Marc Paradis (1955-2019) was a pioneer of queer video in Quebec and Canada. Since his debut work, Le voyage de l’ogre (1981), he has interrogated notions of sexuality, the body and homosexual identity. He was an obsessive and transgressive artist, whose aesthetic oscillates between raw and explicit realism (La cage) and a certain classicism, particularly in his representations of the body (Harems) and in his pictural references. The texts, their literary quality and their declamation play a central role (Réminiscences carnivores [Carnivorous Reminiscences]) and lend a tragic resonance to these stories of love, sex, rupture and death. L’incident « Jones », Lettre à un amant [Letter to a Lover] and Délivre-nous du mal [Deliver us from Evil] form a triptych that condense these intimate and artistic questionings.

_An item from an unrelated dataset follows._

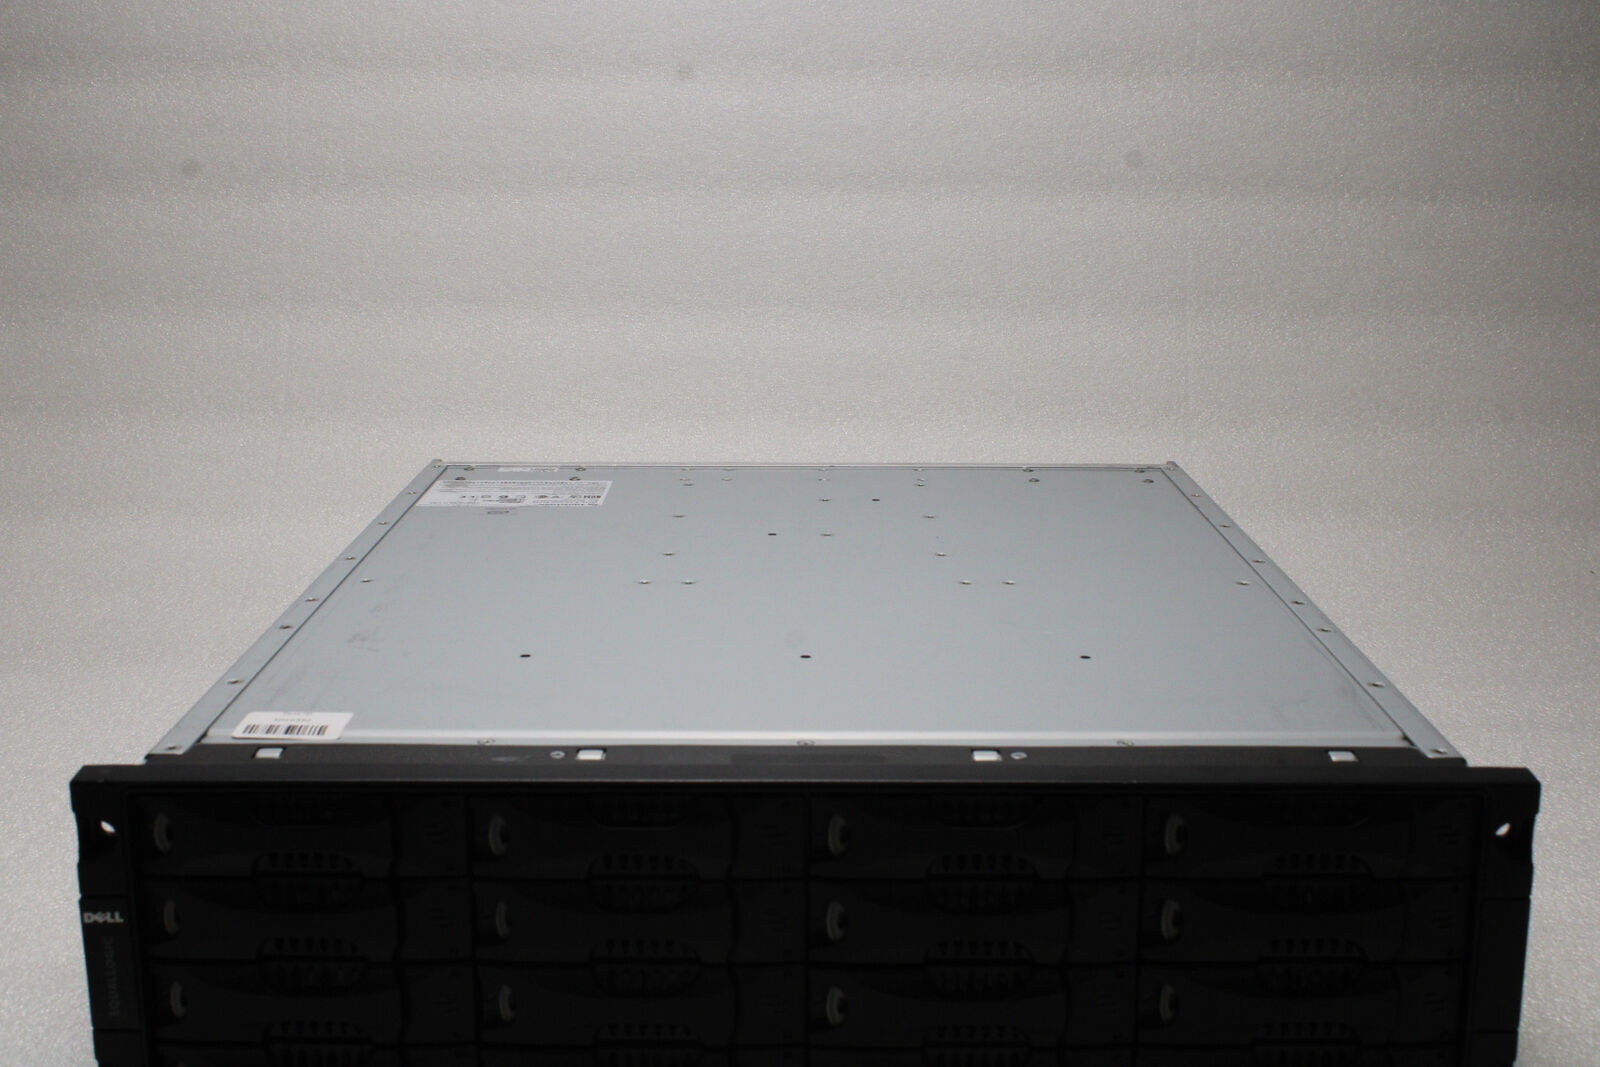 Dell EqualLogic PS3000 Storage Array SAN Array 2 Controllers 2x PSU COMPLETE
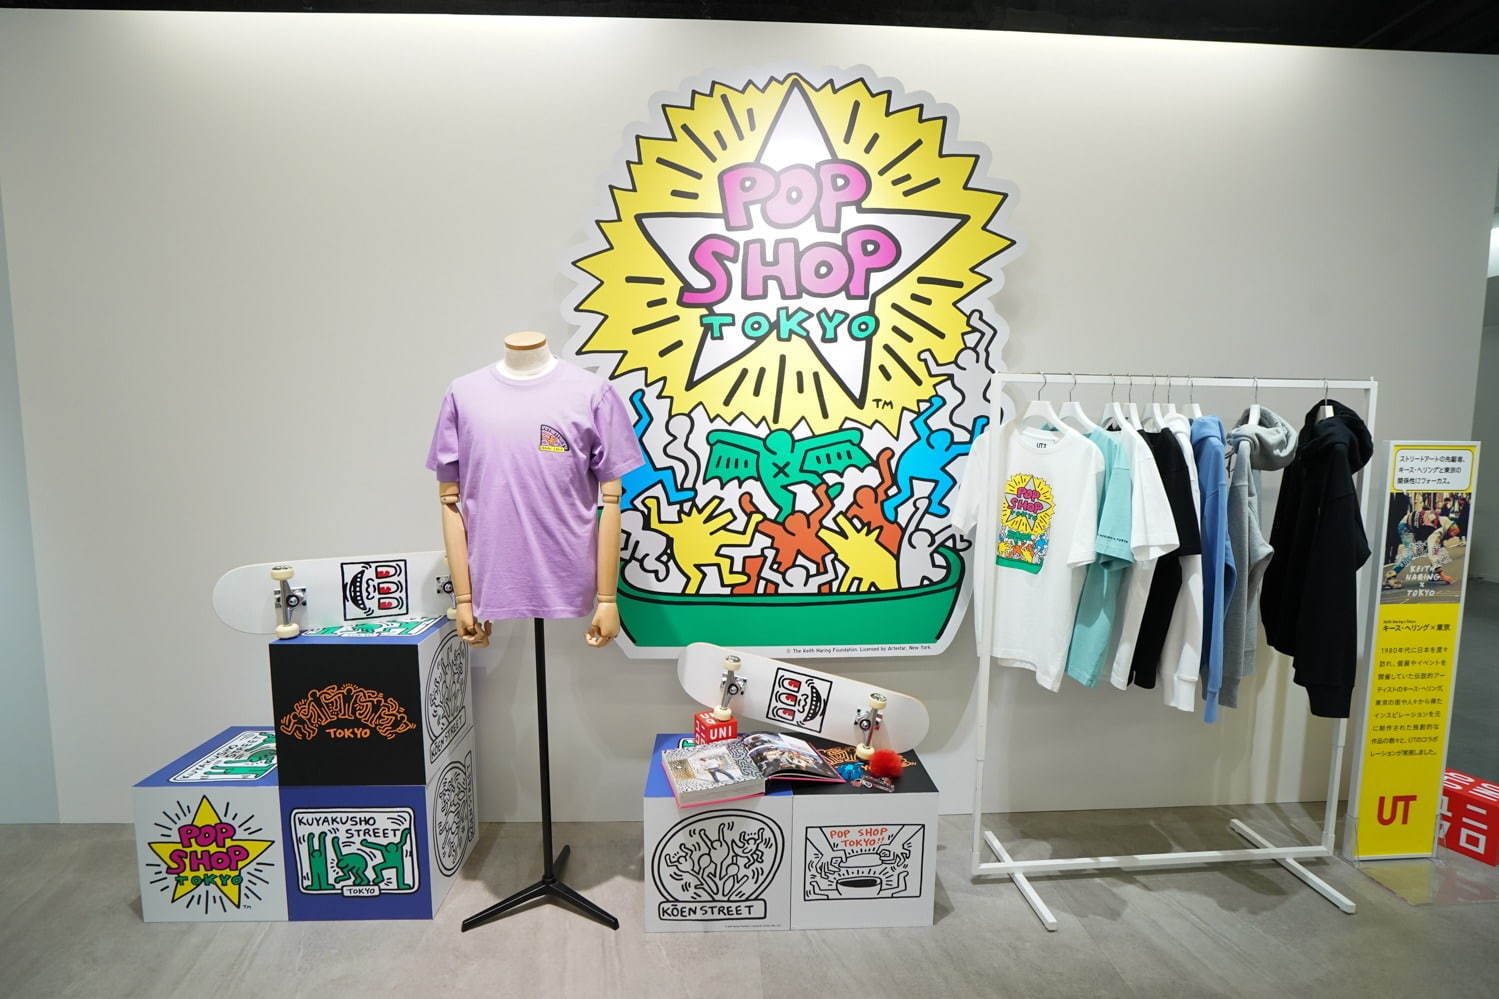 © The Keith Haring Foundation. Licensed by Artestar, New York.

These two programs comprise seven titles made between 1981 and 1991. They accompany the launch of Vidéographe’s bilingual digital publication Marc Paradis, an Ogre’s Desire which comprises three new texts by Luc Bourdon, Alexis Lemieux, and Denis Vaillancourt, the 17 videos made by Paradis, including two previously unseen works, and a rich selection of personal documents – scripts, notes and photographs.
PROGRAM #1 (69 min)
May 5, 2021
- Marc Paradis, Le voyage de l’ogre, 1981, 24 min
- Marc Paradis, Harems, 1991, 45 min
PROGRAM #2 (65 min)
May 7, 2021
- Marc Paradis, L’incident « Jones », 1986, 7 min
- Marc Paradis, Délivre-nous du mal, 1987, 9 min
- Marc paradis, Lettre à un amant, 1988, 10 min
- Marc Paradis, Réminiscences carnivores, 1989, 19 min
- Marc Paradis, La cage, 1983, 20 min
► Consult the full program [+]
BIOGRAPHY
Born in Montréal, Marc Paradis (1955-2019) studied drama and visual arts. Between 1978 and 1990, he also trained with the likes of Józef Robakowski, Bruno Bigoni, Jerzy Grotowski and Michael Kriegman. Paradis became interested in video in 1981, when he did a screen test for French filmmaker Jean-François Garsi, for whom he worked as an assistant. He went on to make Le voyage de l’ogre, the first of his 17 productions. His works question and consider romantic relationships between men, desire, fantasy, and the representation of sexuality, at times playing with the borders of pornography. In 1984, he made Schème video [Video Scheme] with Luc Bourdon, followed by Say Cheese for a Trans-Canadian Look the following year, two works that look at video art in Canada. He also made portraits and video recordings of artists such as Denis Lessard, John Mingolla and Yves Lalonde. His work has received national and international recognition. Marc Paradis died in Montreal in the summer of 2019.
ONLINE PROGRAMMING
May 5 and 7, 2021
Event co-presented by VIVO Media Arts Centre
Available from 7pm. Streaming ends at 11pm.
Free event
► Facebook event[+]
► Consult the publication on Vithèque[+]
► Trailer, Marc Paradis’ An Ogre’s Desire[+]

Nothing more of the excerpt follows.